[Aim of the exercise] Find the line with "Friedrich Nietzsche Quote" in the entries below. Repeat it, every following line, and the line with "Blundstone Women's Safety", exactly and with nothing added.

[Available records]

┌────────

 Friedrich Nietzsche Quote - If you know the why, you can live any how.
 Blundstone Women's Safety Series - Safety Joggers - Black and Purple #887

└────────
┌────────

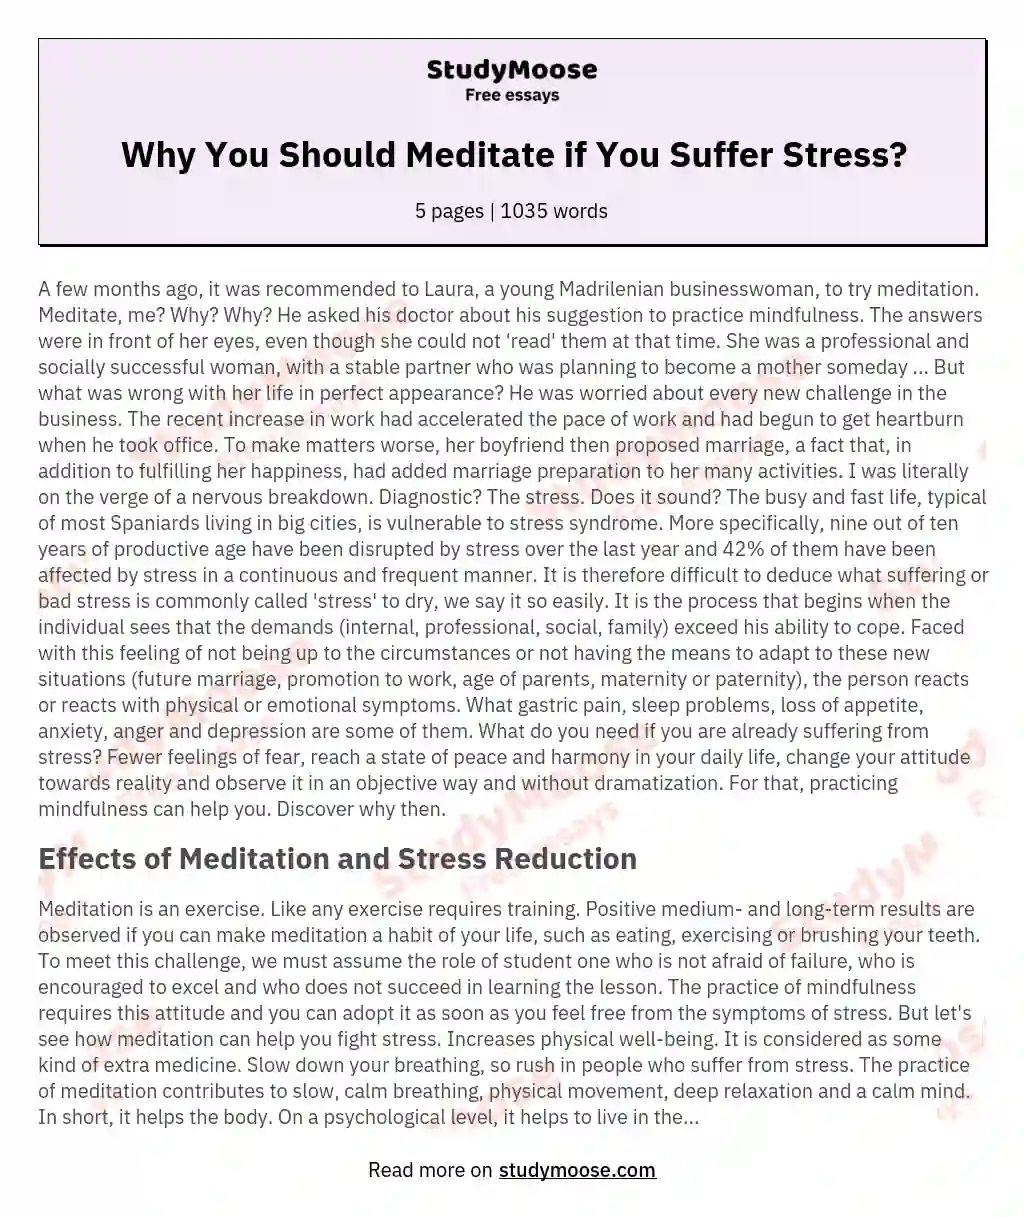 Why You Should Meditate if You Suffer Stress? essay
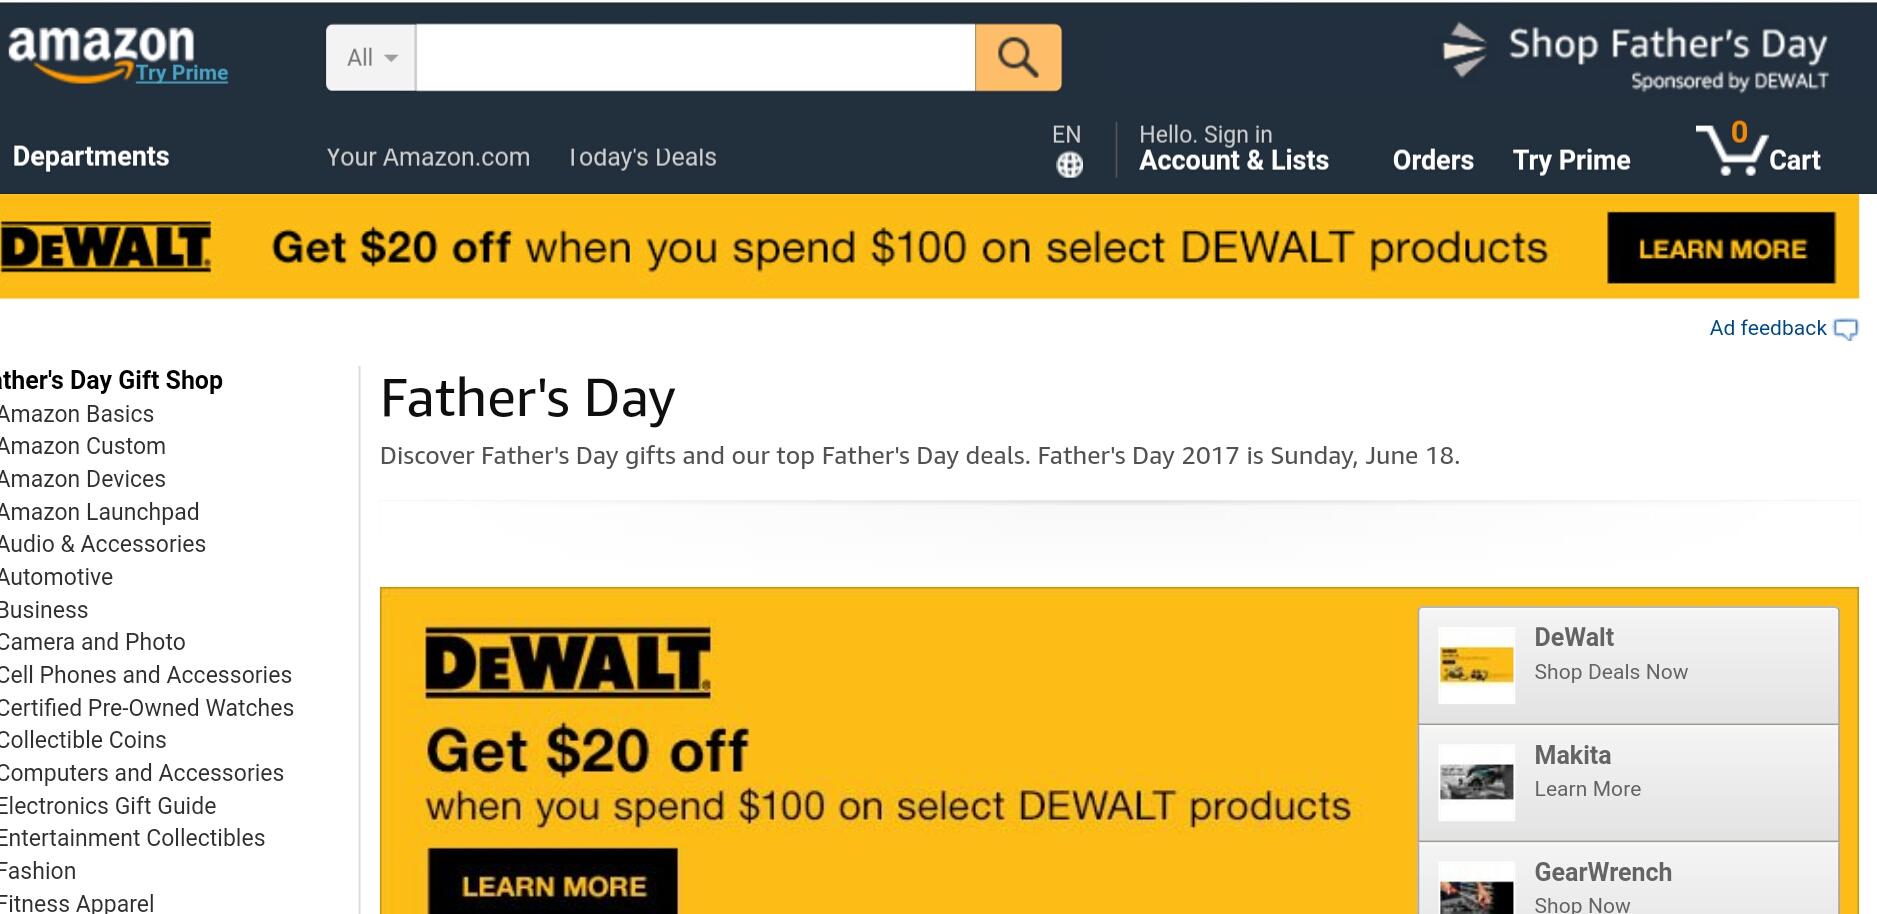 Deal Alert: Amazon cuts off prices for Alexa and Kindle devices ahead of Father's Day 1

└────────

[Answer to this exercise]
 Friedrich Nietzsche Quote - If you know the why, you can live any how.
 Blundstone Women's Safety Series - Safety Joggers - Black and Purple #887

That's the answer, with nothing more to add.